Au Minnesota, Bob venait parfois me voir après la séance d’entraînement. Il me demandait de revenir à l’aréna en après-midi. J’arrivais, je sautais sur la glace. J’étais seul avec Bob Gainey. On travaillait ensemble une heure de temps. Juste lui et moi. On parlait beaucoup aussi.

Aucun entraîneur ne fait ça. Bob Gainey, je lui dois tout. Il m’a sauvé. Il a sauvé ma carrière. Je n’étais pas capable de gérer tout ce qui m’arrivait avant de le croiser.

Il m’a dit d’arrêter de me battre pour rien, de garder mes énergies pour aider des coéquipiers.

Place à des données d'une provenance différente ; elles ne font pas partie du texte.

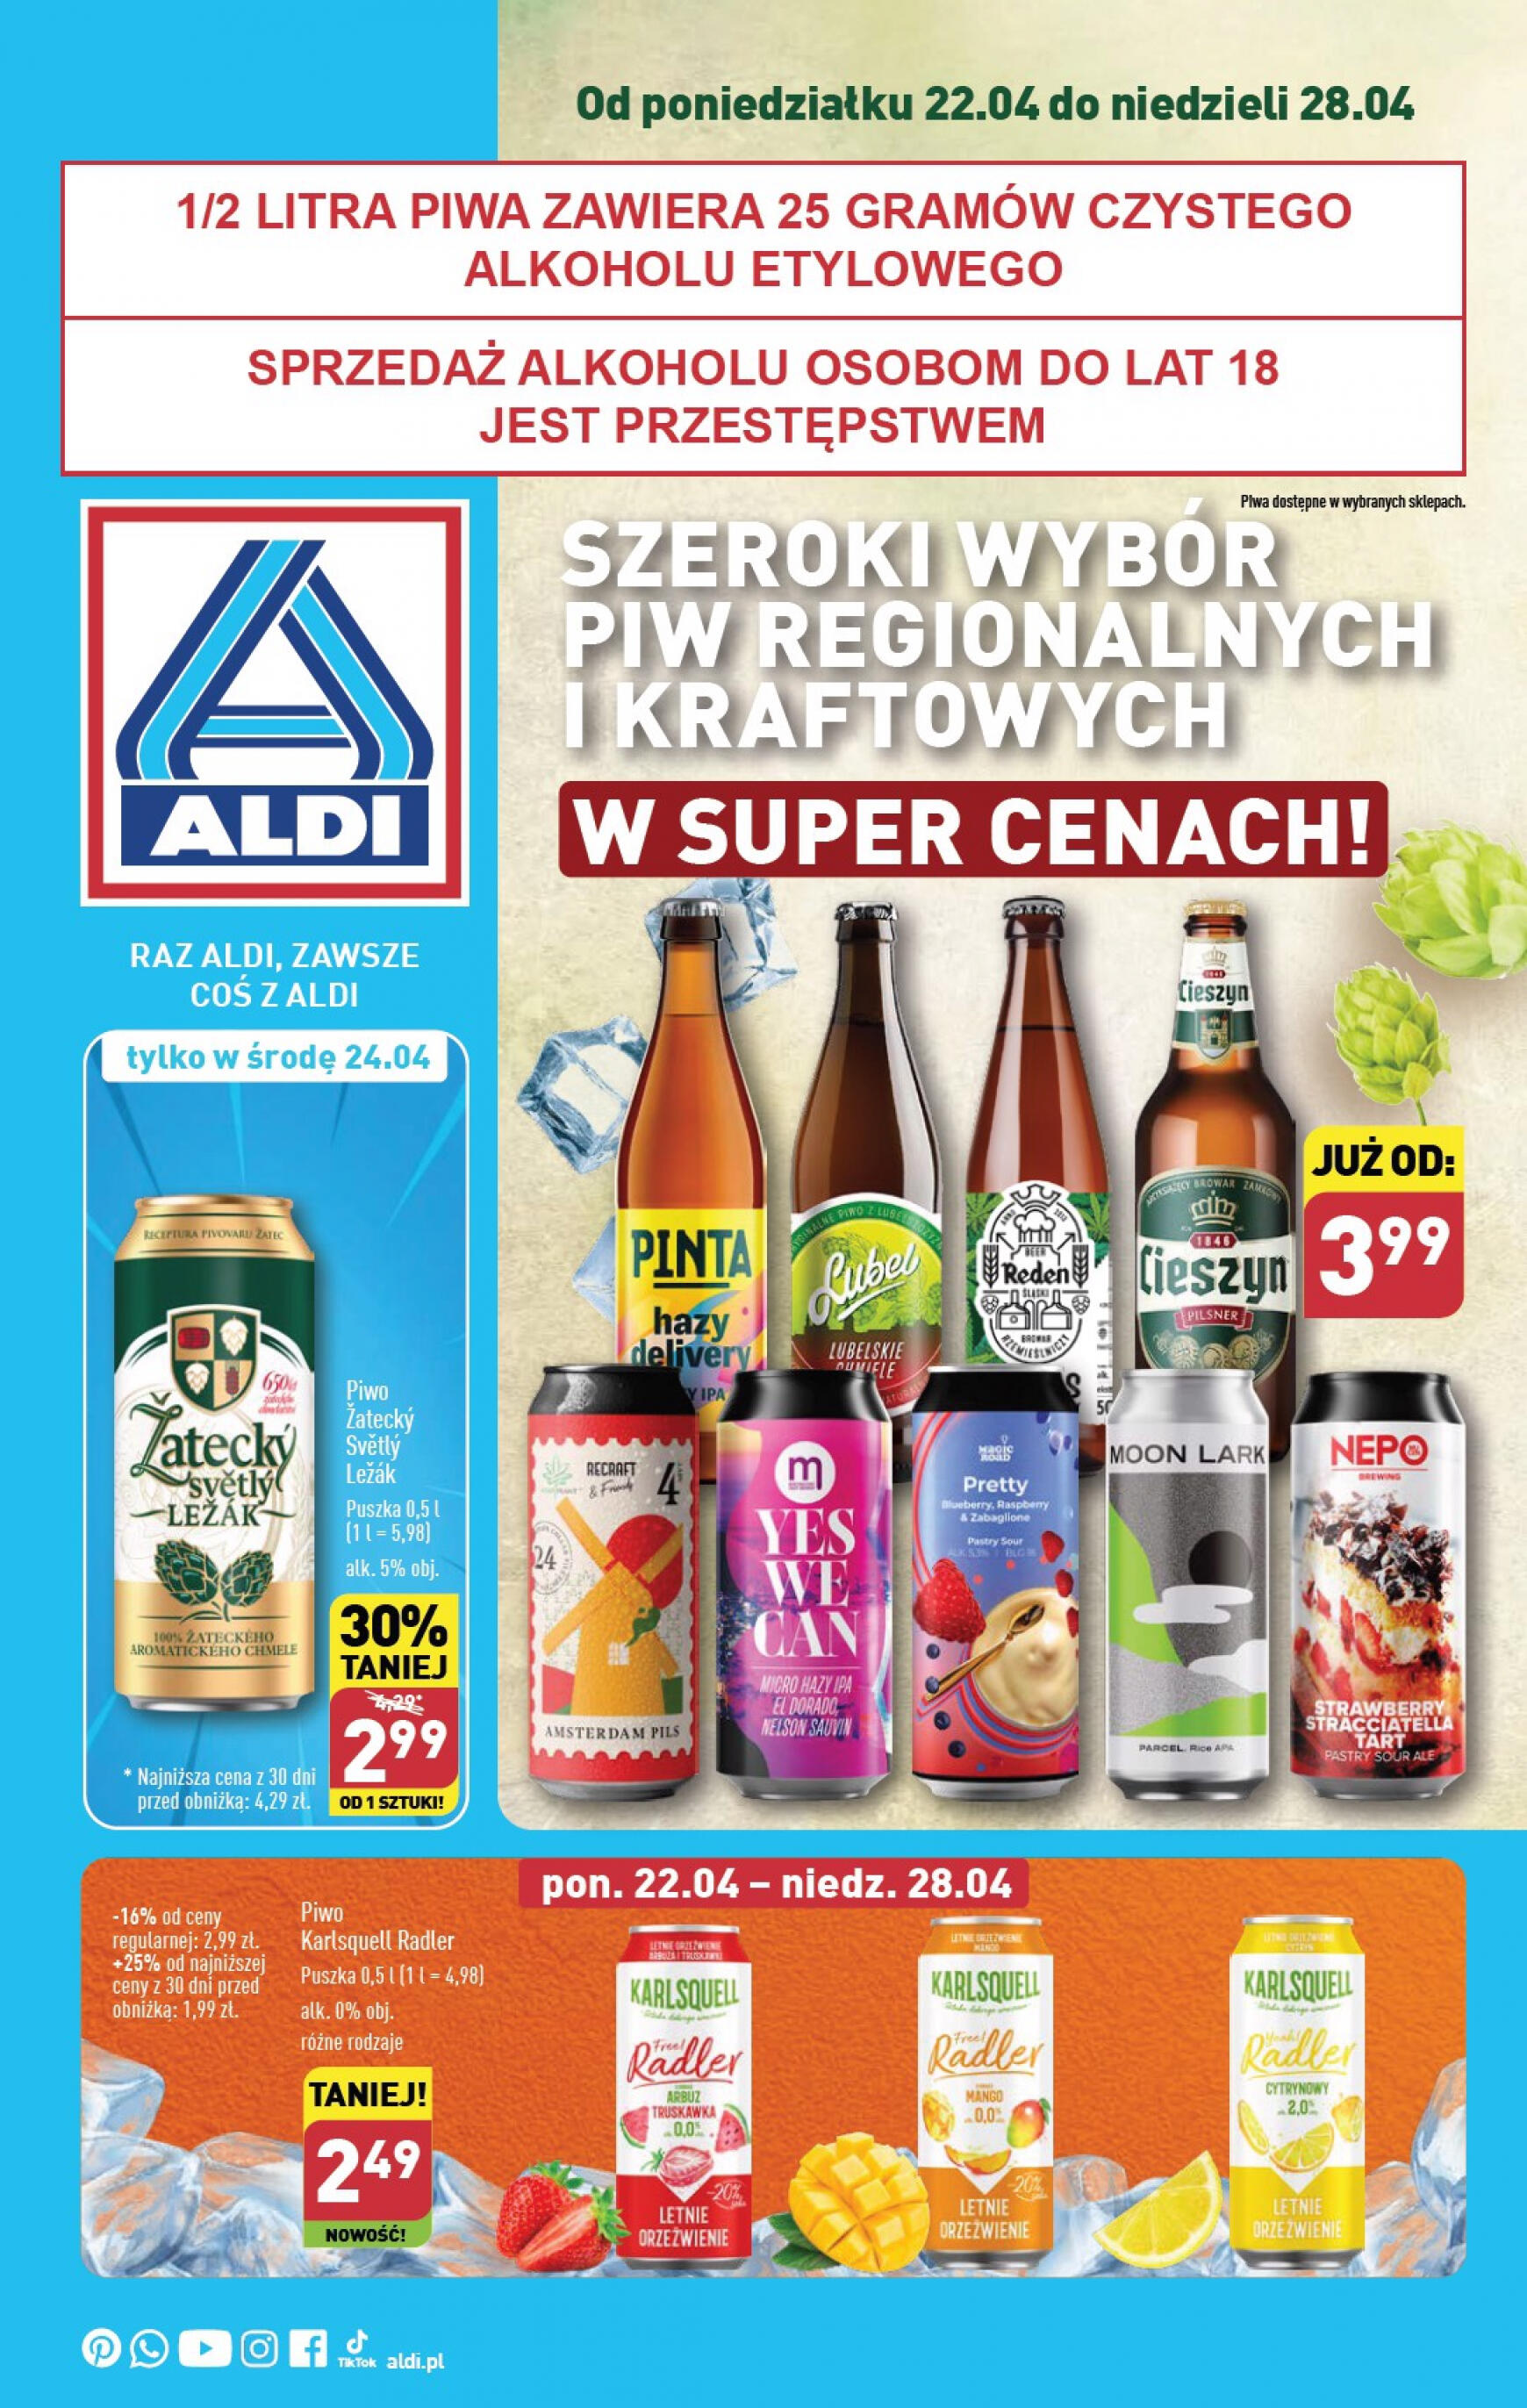 aldi - Aldi - Festiwal piwa w super cenach gazetka aktualna ważna od 22.04. - 28.04. - page: 1

L’été, il m’appelait à 8h du matin. Il me demandait si j’étais réveillé! Il m’a envoyé plusieurs livres et il m’a demandé de me lever à 8h pour les lire. Je les ai tous lus, incluant le livre des règlements de la LNH. Qu’il m’avait envoyé bien sûr. Je savais que Bob allait m’en parler au camp d’entraînement.

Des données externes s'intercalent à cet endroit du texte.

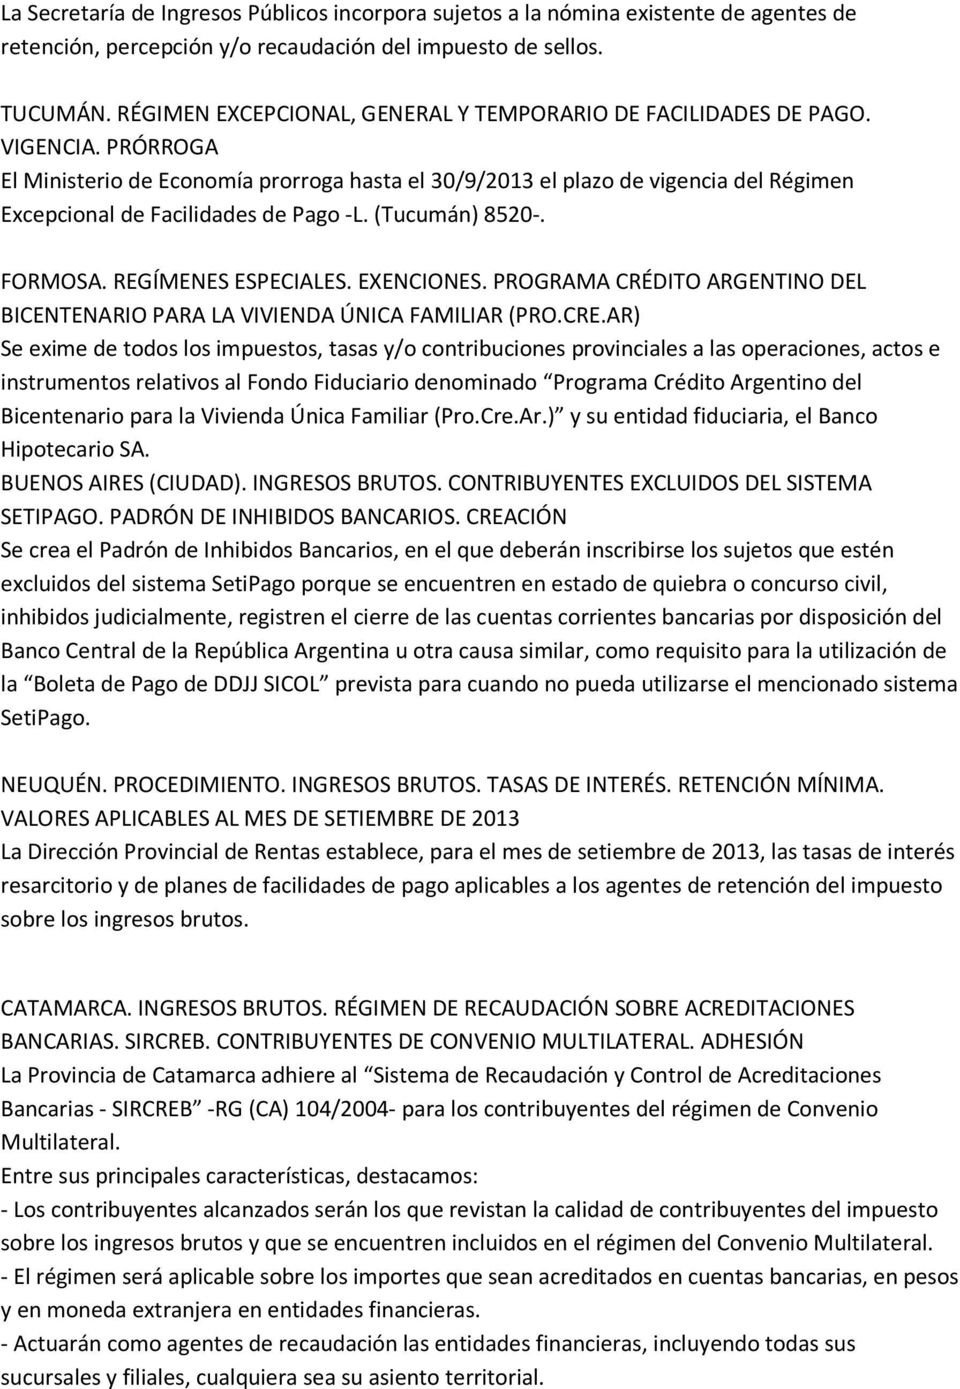 PRÓRROGA El Ministerio de Economía prorroga hasta el 30/9/2013 el plazo de vigencia del Régimen Excepcional de Facilidades de Pago -L. (Tucumán) 8520-. FORMOSA. REGÍMENES ESPECIALES. EXENCIONES.

Il a pris le temps avec moi comme personne.

J’ai été déçu d’être échangé à Washington. J’étais heureux du nouveau départ, mais j’étais déçu de ne plus côtoyer Bob.

J’ai finalement su, plusieurs années plus tard, quand je jouais à Tampa Bay, que tout était terminé. Il n’y avait matière à aucune accusation. Malgré tout, les douaniers me posent encore des questions parfois quand je voyage aux États-Unis avec ma famille.

Mais ça m’aura pris cette mésaventure-là, et surtout, ça m’aura pris quelqu’un comme Bob Gainey pour sauver ma carrière de hockeyeur. J’ai joué 372 matchs dans la LNH après ma nuit en prison.

Et je lui en serai toujours reconnaissant.

 

***Enrico Ciccone a joué durant 9 saisons dans la LNH. Il a porté les couleurs des North Stars, des Capitals, du Lightning, des Blackhawks, des Hurricanes, des Canucks et des Canadiens. Il mène aujourd’hui une carrière fructueuse dans les médias. Il est notamment animateur d’une émission quotidienne sur les ondes de 91.9 Sports.